I swear when I read your first couple of sentences I thought my fiancée was posting on tam.We are together seven years,in our early thirties and she has a grade school age son.Phew....
We also live together but we have a daughter as well as her son.I also have to travel for work but when possible she joins me and we are in London as I write.
This situation does not bode well for the future,he is gone half the time for work and spends two or three nights a week with his friends.So out of a thirty day month he may spend as few as six nights alone with you at home.I spent a lot of time traveling as a young man and this behavior of his is exactly what I did.Travelling for weeks at a time and then spending every night I was at home partying.The thing is I wasn’t in a relationship at the time.
I obviously don’t know you or him but I would be very surprised if he isn’t cheating,either when he is with his buddies or when he is traveling.
Do you actually get any time for a sex life or could this be a reason he doesn’t want to be alone with you.


----------



## SunCMars

Andy1001 said:


> I swear when I read your first couple of sentences I thought my fiancée was posting on tam.We are together seven years,in our early thirties and she has a grade school age son.Phew....
> We also live together but we have a daughter as well as her son.I also have to travel for work but when possible she joins me and we are in London as I write.
> This situation does not bode well for the future,he is gone half the time for work and spends two or three nights a week with his friends.So out of a thirty day month he may spend as few as six nights alone with you at home.I spent a lot of time traveling as a young man and this behavior of his is exactly what I did.Travelling for weeks at a time and then spending every night I was at home partying.The thing is I wasn’t in a relationship at the time.
> I obviously don’t know you or him but* I would be very surprised if he isn’t cheating,either when he is with his buddies or when he is traveling.*
> Do you actually get any time for a sex life or could this be a reason he doesn’t want to be alone with you.


Too soon for the long knives.
Too soon for making this short-sighted knave a cheater.

When young, I had friends like him, like this.

I outgrew these friends, your fiance' has not.

Keep up the pressure.
Not by nagging, just keep pressing on his Epiphany button.
The one that Maydays his conscience.


The Typist II- from his notes in the CC.


----------



## BluesPower

He is immature that is the bottom line.

You would rather him want to stay and home, maybe help with the kids, and hey, maybe we could even have sex. 

But the thing is, he still things he is a kid and he wants to party all the time. 

Honestly, there are people that never, ever get out of high school.

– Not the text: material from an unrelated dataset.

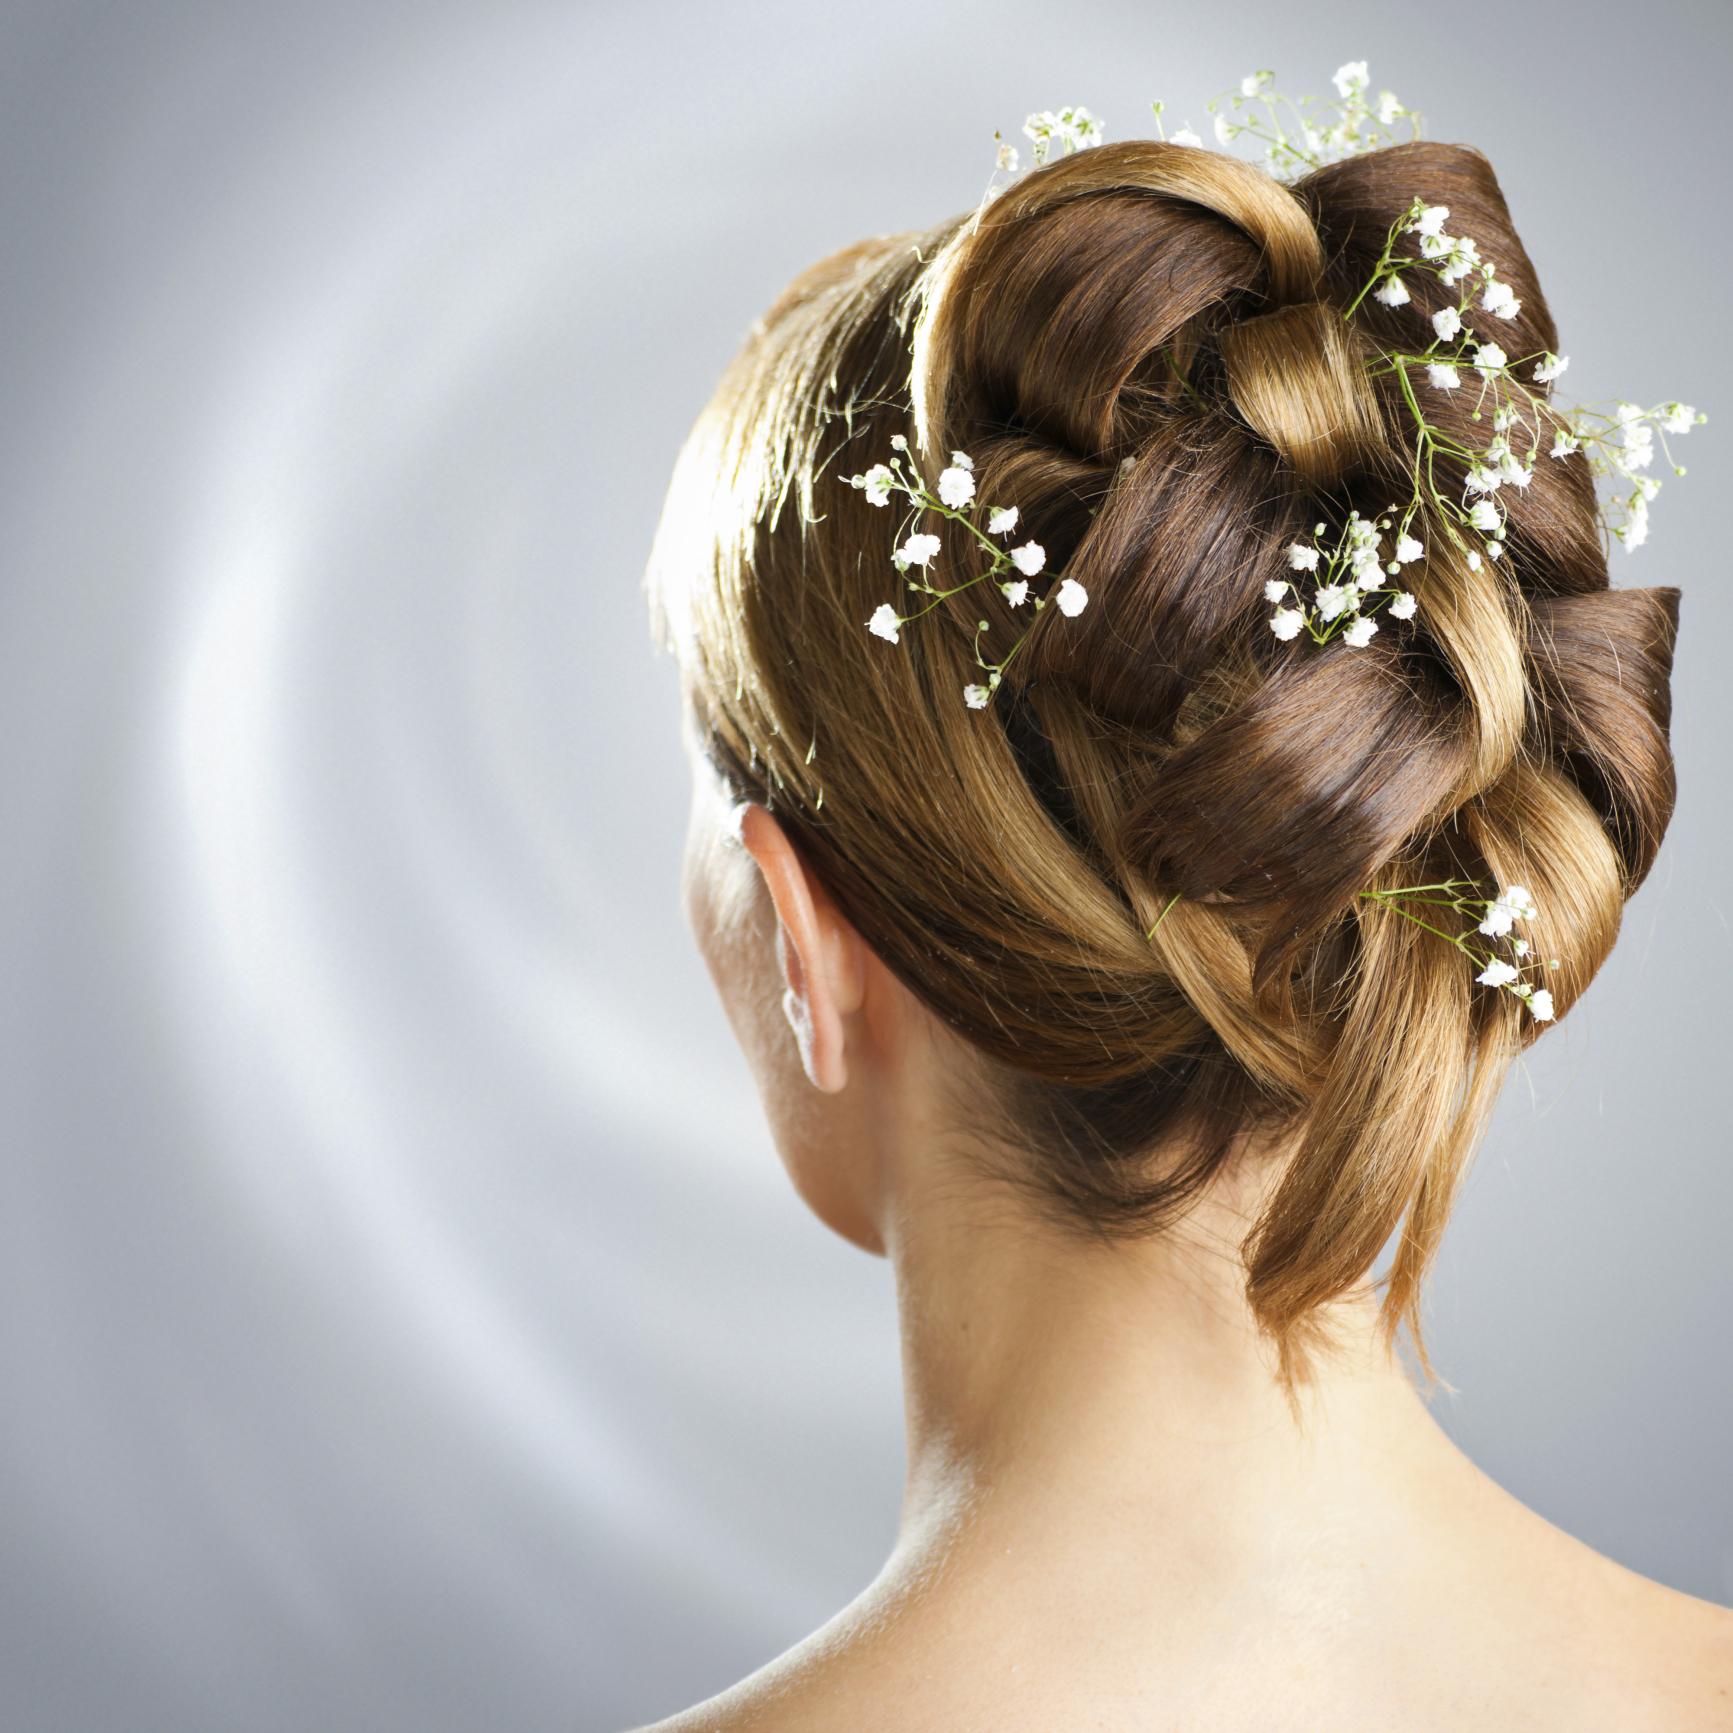 Modern Wedding Hairstyles: Modern Bridal Hair Styles

I don't know why, but I have seen it so many times. 

Now I like to party, me and GF go out quite a bit, but you know, sometimes we just want to hand out a chill at home. And sometimes I have to go an play somewhere and she may be tired or want to stay home herself. That is cool but it is not all the time. 

It is not a big deal if he wants to party with the guys even once a week, but 3 nights a week would be to much even for me, and I like to party. 

The question is, what are you going to do about it. If you have kids it is more difficult. 

When you talk again, explain that you want more time alone with him, and you want him around more because it make you happy when he is there. Don't take that tact that "you are partying too much and I don't like it". 

If he does not wake up and put you first, then you may need to end the relationship...


----------



## Andy1001

SunCMars said:


> Too soon for the long knives.
> Too soon for making this short-sighted knave a cheater.
> 
> When young, I had friends like him, like this.
> 
> I outgrew these friends, your fiance' has not.
> 
> Keep up the pressure.
> Not by nagging, just keep pressing on his Epiphany button.
> The one that Maydays his conscience.
> 
> 
> The Typist II- from his notes in the CC.


I have a gay friend and she calls guys like this; who always want to be with their buddies “Bromantics”
She says the motto of the Bromantics is never leave your buddies behind.


----------